Die "verplante" Familie

Von: Doris Blesius | 2. November 2014
Die Kinder gehen zum Fußballtraining, zur Musikschule oder wollen sich mit Freunden treffen, die Eltern müssen Überstunden leisten – der Alltag lässt in vielen Familien kaum noch Raum für Gemeinsames. Mit dem Thema "verplante" Familie beschäftigt sich die "Paulinus"-Lebensberatung.

In einer Studie im Auftrag des Bundesministeriums für Familie des Jahres 2012 wünschen sich 64 Prozent der befragten Eltern mehr Zeit für die Kinder. 72 Prozent der Väter sind unzufrieden mit der knappen Zeit in der Familie. 67 Prozent der Eltern wünschen sich mehr Zeit für sich, und über die Hälfte der Eltern hätten gerne mehr Zeit für ihre Partnerschaft.

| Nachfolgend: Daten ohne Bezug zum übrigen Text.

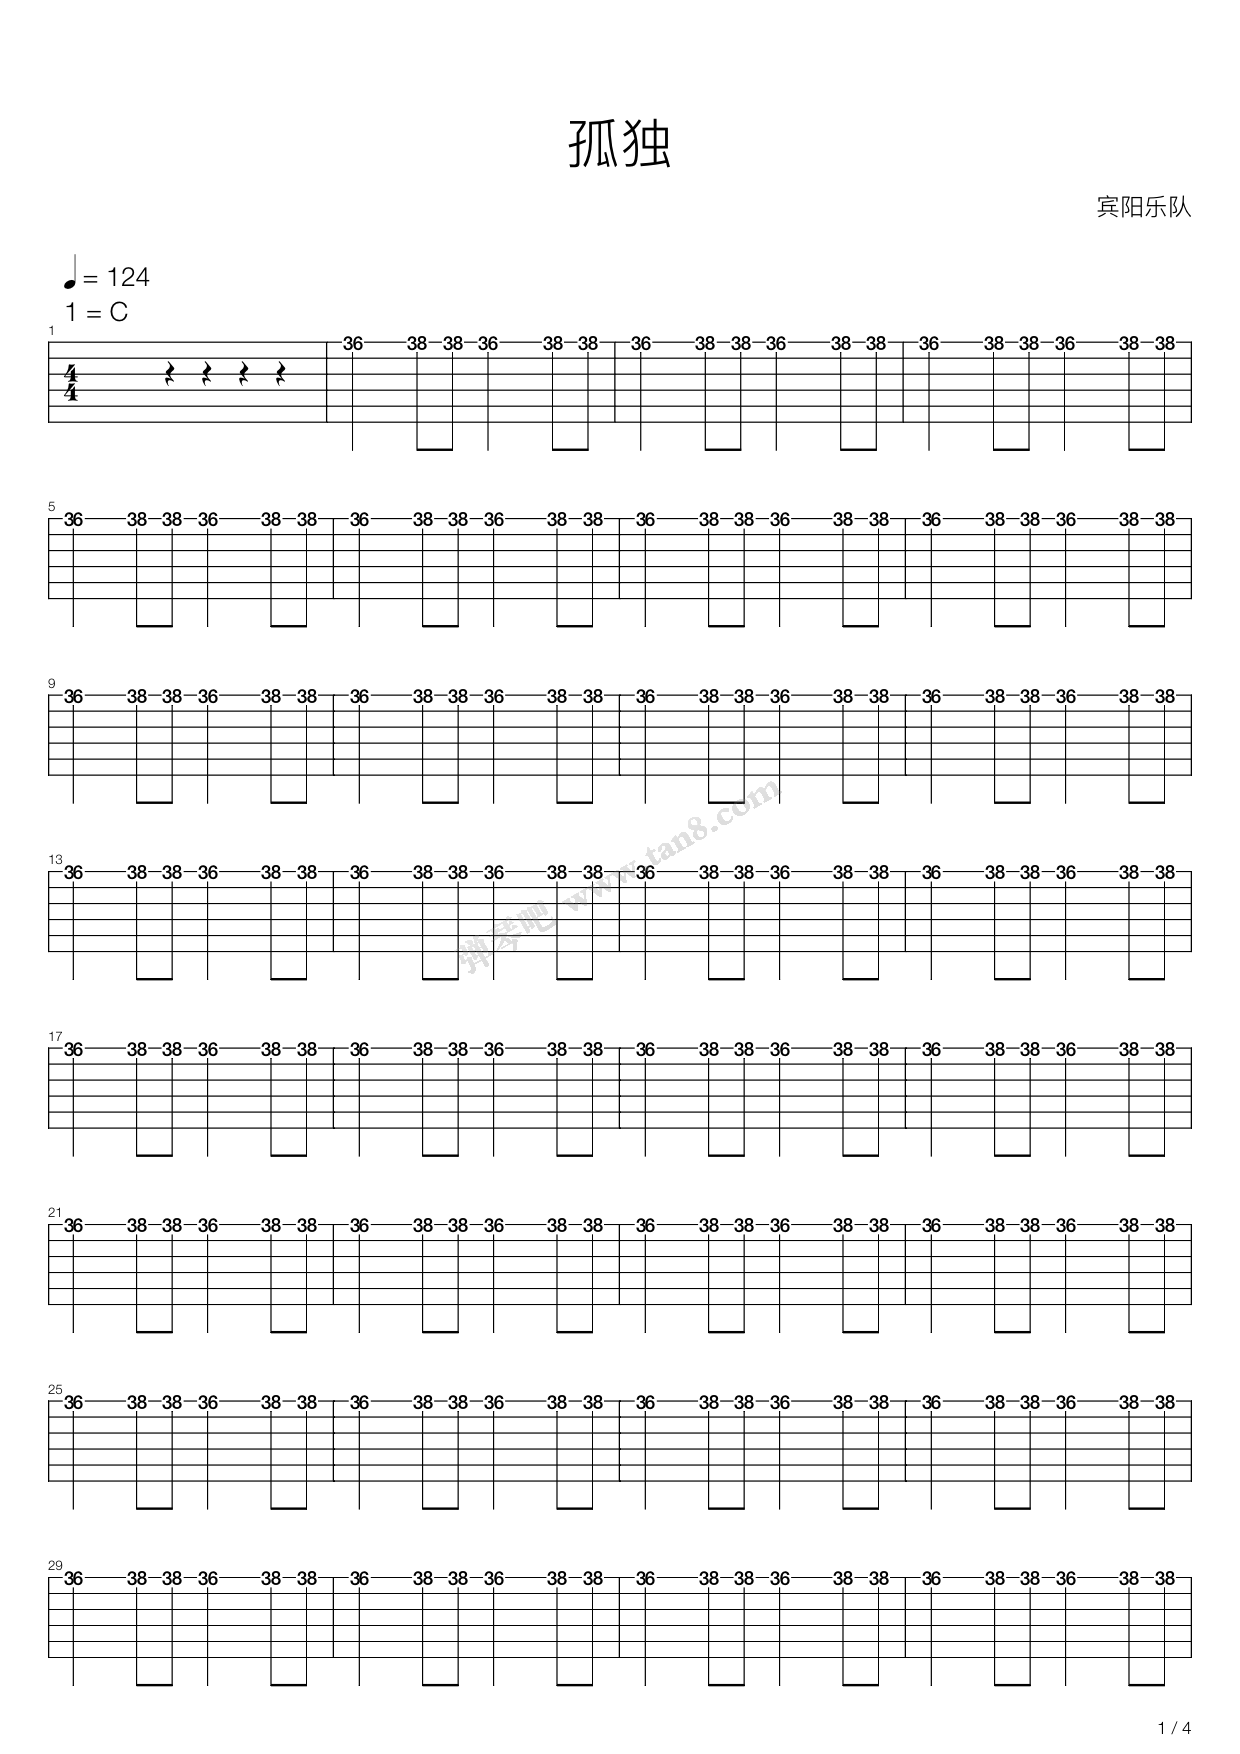 《十一种孤独》吉他谱 - 用弹唱节奏型编配 -选调C调 - 宿羽阳六线谱精选 - 国语 - 易谱库

Familien sind heute hohen gesellschaftlichen Anforderungen ausgesetzt. In der Lebensberatung Cochem berichten immer mehr Familien davon, "im Hamsterrad" zu sein, sich "Zuhause nur noch die Türklinke in die Hand zu geben" oder kaum noch "Zeit und Kraft zu haben, miteinander zu reden". Oft melden sich Familien an, die Sorgen mit einem Kind haben oder Verhaltensauffälligkeiten eines Kindes beschreiben. Beispielsweise Familie Müller: Frau Müller (43) meldet sich in der Lebensberatung an, weil sie mit ihrer Tochter Lisa (10) bei den Hausaufgaben oft in Streit gerät und diese sich im weiteren Verlauf des Nachmittags sehr bockig verhält. Außerdem beschwere sich Lisa immer wieder darüber, dass sie kein Smartphone bekomme und sei deshalb oft unausstehlich.

Keine Ruhe bei den Hausaufgaben, bei gemeinsamen Mahlzeiten und Aktivitäten. Die Familie von heute ist oft sehr belastet und gestresst. Eine Vielzahl von Bedingungen können dazu führen, dass das Gemeinsame verlorengeht.

Auch bei Familie Müller zeigt sich, dass es in der Familie nachmittags großen Zeitdruck gibt: Lisa muss bis zu einem bestimmten Zeitpunkt mit den Hausaufgaben fertig sein, weil die Mutter sie dann zum Fußballtraining bringen will. Danach bringt die Mutter noch die Jüngere Tochter zur Musikschule und holt beide Töchter anschließend wieder ab. Zwischenzeitlich muss sie noch den Einkauf erledigen, oft sei sie dann fix und fertig. Wenn der Vater nach Hause kommt und Lisa noch an ihren Aufgaben sitzt, kann das gemeinsame Abendessen nicht stattfinden und der "Haussegen hängt dann richtig schief".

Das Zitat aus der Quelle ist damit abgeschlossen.